Driving the road between the Norwegian border town of Kirkenes and the Russian border town of Nikel shows another reality.

There are few signs of removed barriers. The border bureaucracy is still comprehensive and the numbers of checkpoints for clearing your passport are more numerous today than during the Cold War when the Norwegian, Soviet border was said to be one of the most closed in the world.

Border-crossing exercise
Let’s make a virtual trip from Kirkenes across the border and see how it works in 2012. Destination is Nikel, the first Russian town on the road from Norway. Both towns are located inside the 30 kilometer border zone where locals are supposed to travel without visa requirement from May this year.


Storskog border station car-queue. Photo: Thomas Nilsen

First you have to pass through the Customs and passport control at the two official border stations, out of Norway and in to Russia. Time-spending is unpredictable, depending on numbers of vehicles in front of you in the queue. When more people cross the border, the longer are queues.

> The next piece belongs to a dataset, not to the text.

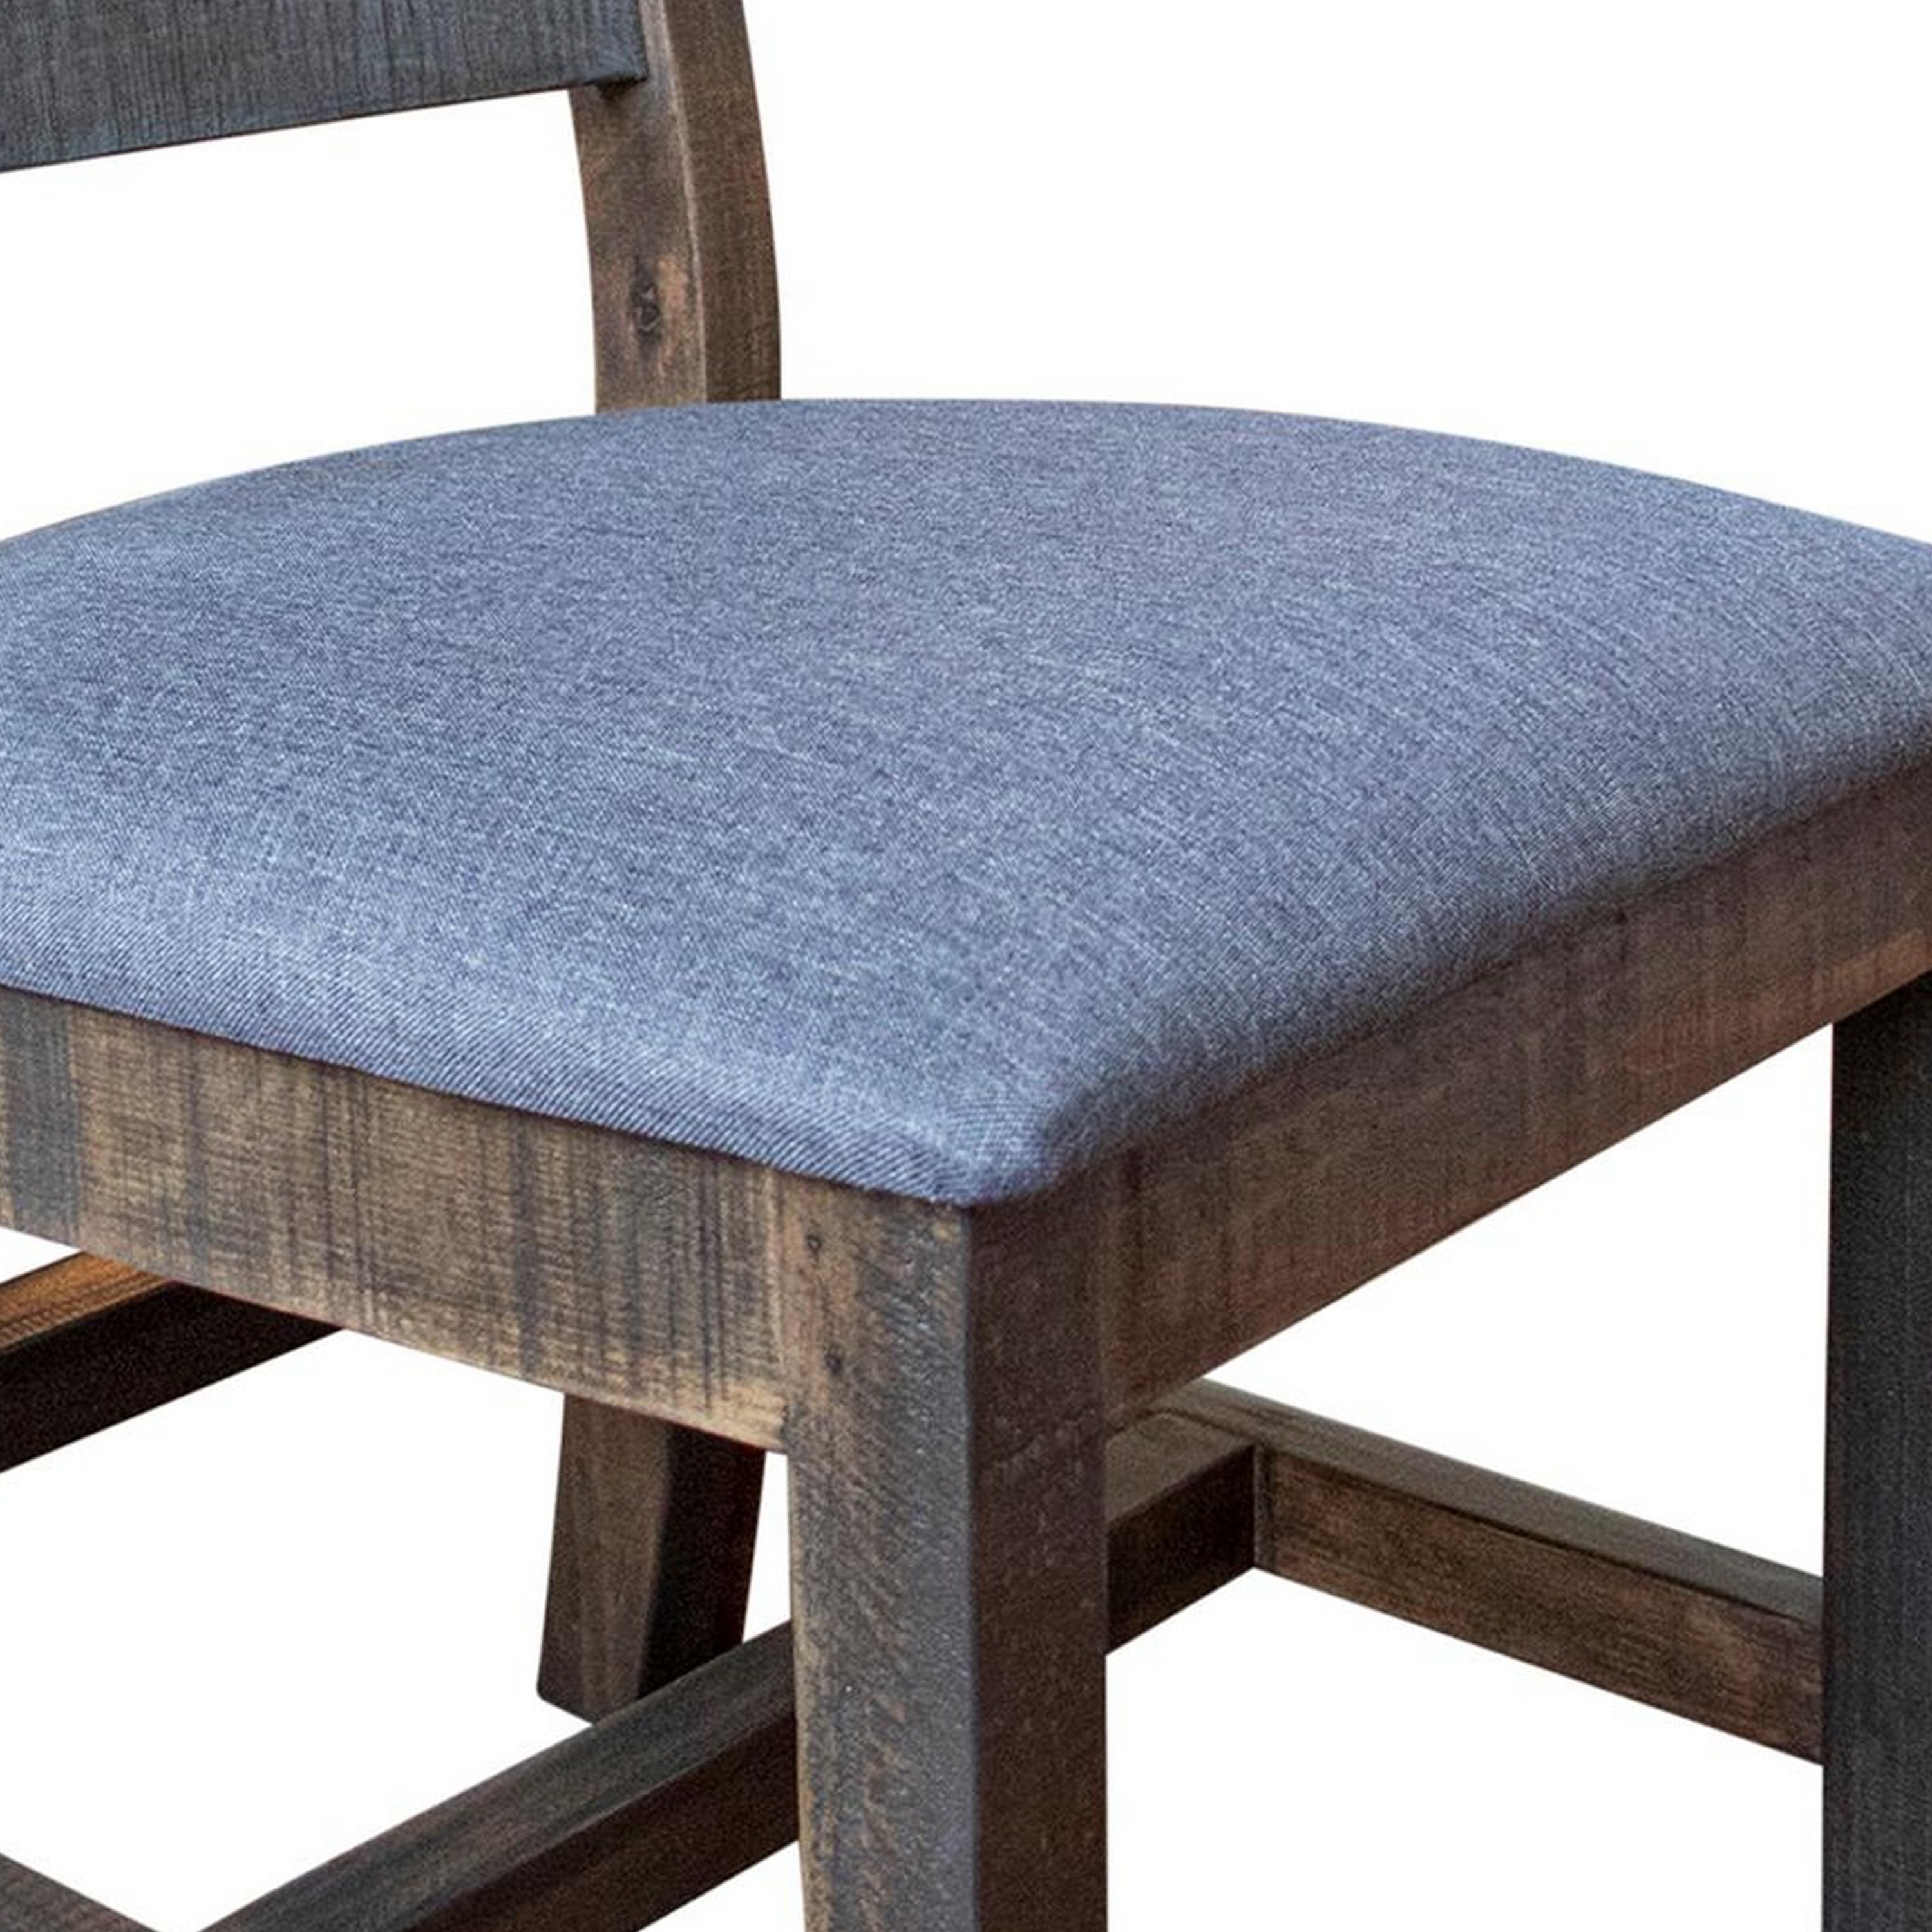 Amy 22 Inch Dining Chair, Polyester Seat Cushion, Pine Wood, Rustic Gray- Saltoro Sherpi

Passport control out of Norway. Photo: Thomas Nilsen

Read also: Consider joint border crossing facility


Waiting to get in to the Russian border station. Photo: Thomas Nilsen

After Russian passport control, you need to fill in the detailed custom declaration, obligatory for everyone driving their own car. In two copies. Then is the Customs check of your car before you are cleared to drive the 50 meters to the gate letting you out of the border station area.

Rune Rafaelsen
Out of the car and into the Russian passport-control. Photo: Thomas Nilsen

From the Borisoglebsk border station you drive for some 20 minutes along the road in what Russia defines as a special outer border zone, where you are only allowed to drive in transit.  The zone is outside of the still-existing barbered wired fence stretching all along Russia’s border to Norway and Finland, from the Barents Sea in the north to the Finnish bay in the south. 

Read also: “Tear this barbed wire fence down”

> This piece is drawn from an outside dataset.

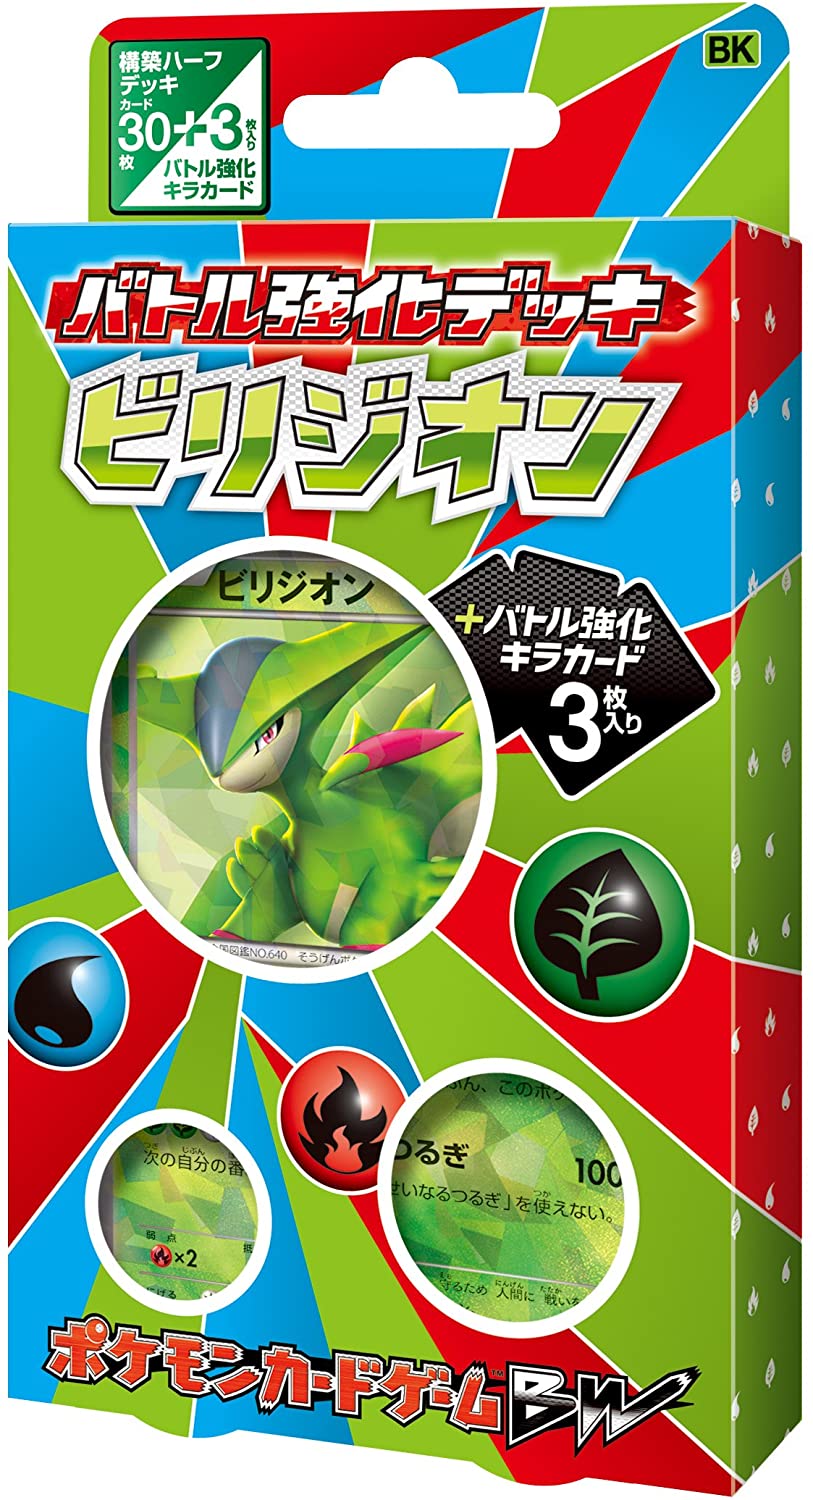 Pokemon Trading Card Game - BW - Battle Enhancement Deck - Virizion - Japanese Ver. (Pokemon)

Another checkpoint where the guard want to see your passport. Photo: Thomas Nilsen

You then have to slow down and stop for your third passport control at the checkpoint located where the inner border zone area gate is located. A friendly, but still very formal border guard official approach your car and thoroughly cross-check your passport once again, including the passport of all your passengers.  Then he opens the gate and let you through. Then you are inside the barbered wire fence. Welcome to Russia? Well, not yet…

A few kilometers ahead there is suddenly another gate, set up after January 1st this year. For no obvious reason you once again have to slow down and stop. The polite border guard at duty asks for your documents. And your passengers’ documents, meaning once again that you have to hand out your passports. By the book, the border guard look at you and confirm the photo in your passport corresponds to your whatever looking face in the dark polar night, and cross-check that your visa and immigration formula has corresponding stamps.

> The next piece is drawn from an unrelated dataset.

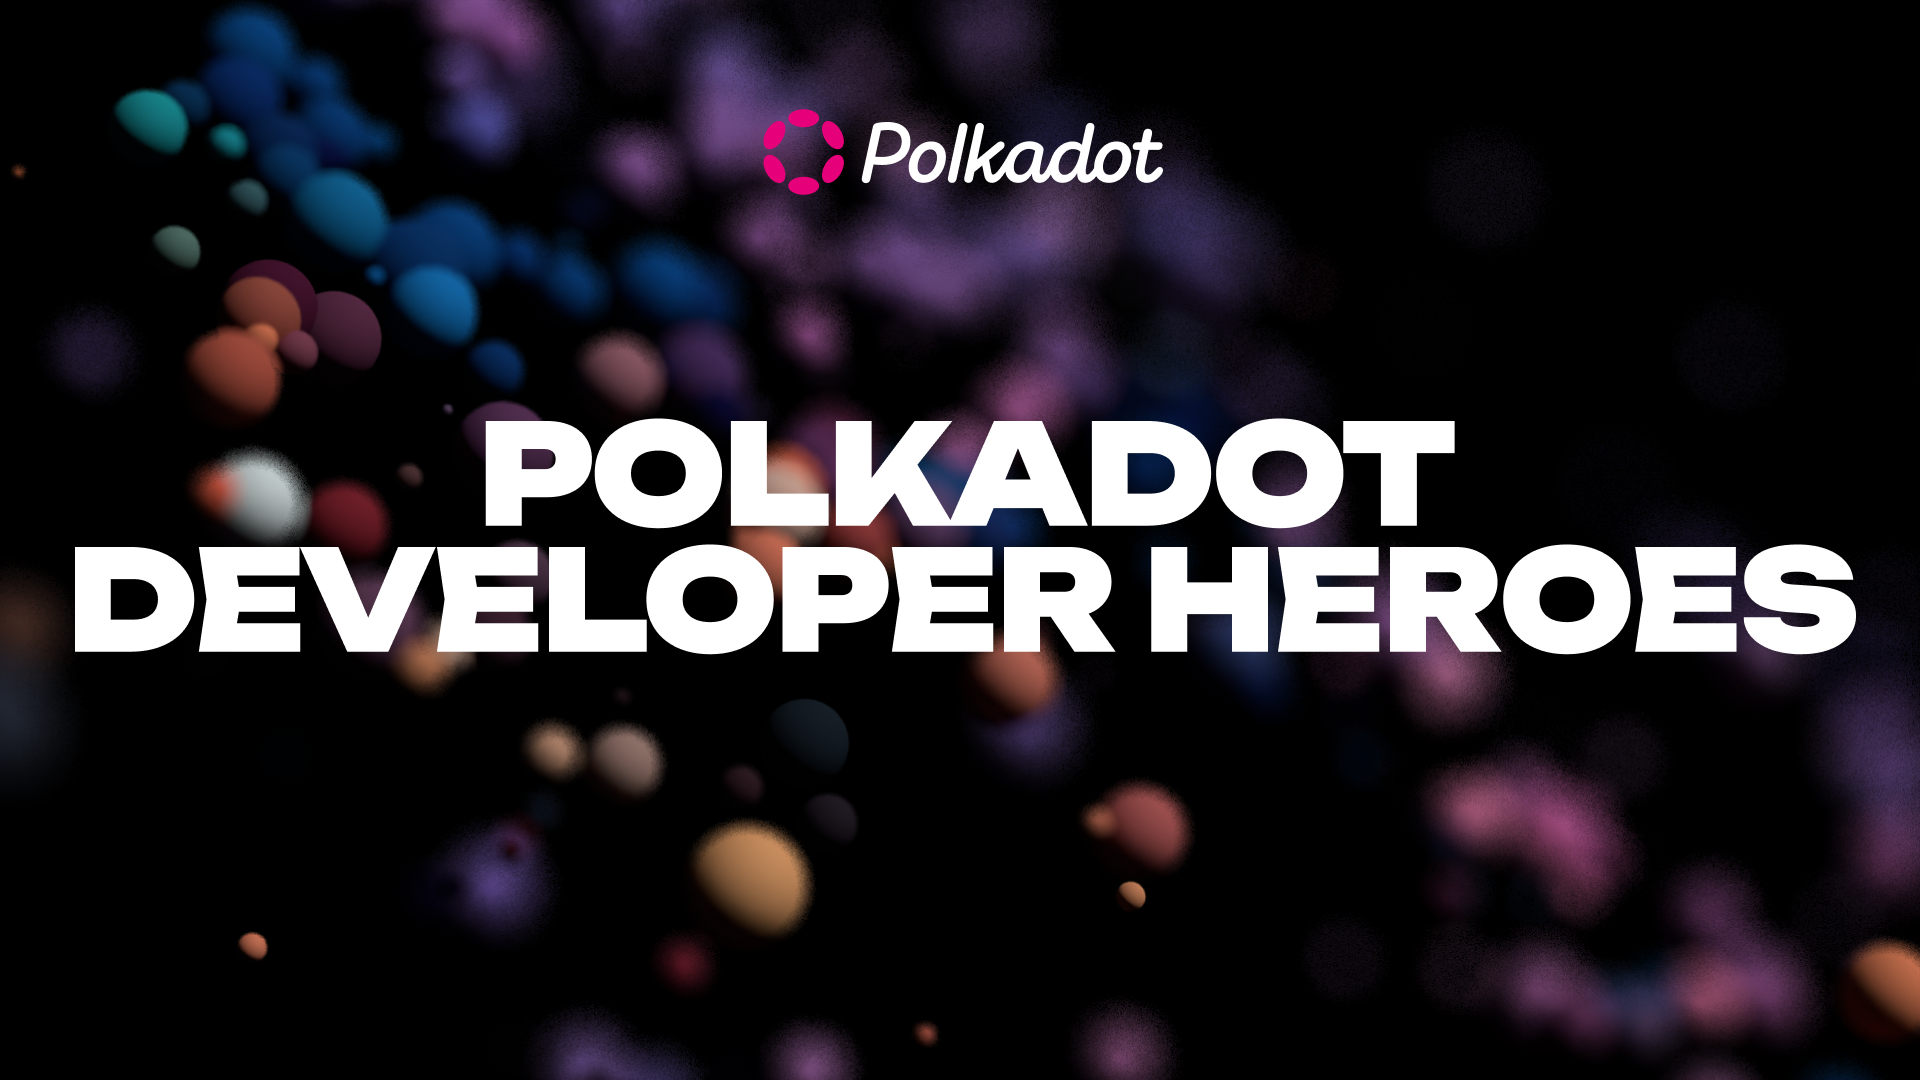 Introduzione al Polkadot Developer Heroes Program

The border guard will then opens the gate and a few kilometers later you are free to visit your neighboring friends in Nikel, or simply visit the local shops or cafés. 

Upon return; same procedures again, this time in opposite order. All in all, a return visit between Kirkenes and Nikel, you are stopped eight times requested to show your documents. Welcome to border-crossing exercise at Europe’s northernmost border between Norway and Russia. 

Read alsoBarents Review 2012: Barents roadmap towards visa-freedom 

If you want to drive further into Russia than the area to be covered by the coming visa-free border regime, you will see that the old checkpoint at Titovka is torn down. This document checkpoint was located on the main road halfway between the Norwegian border and the city of Murmansk.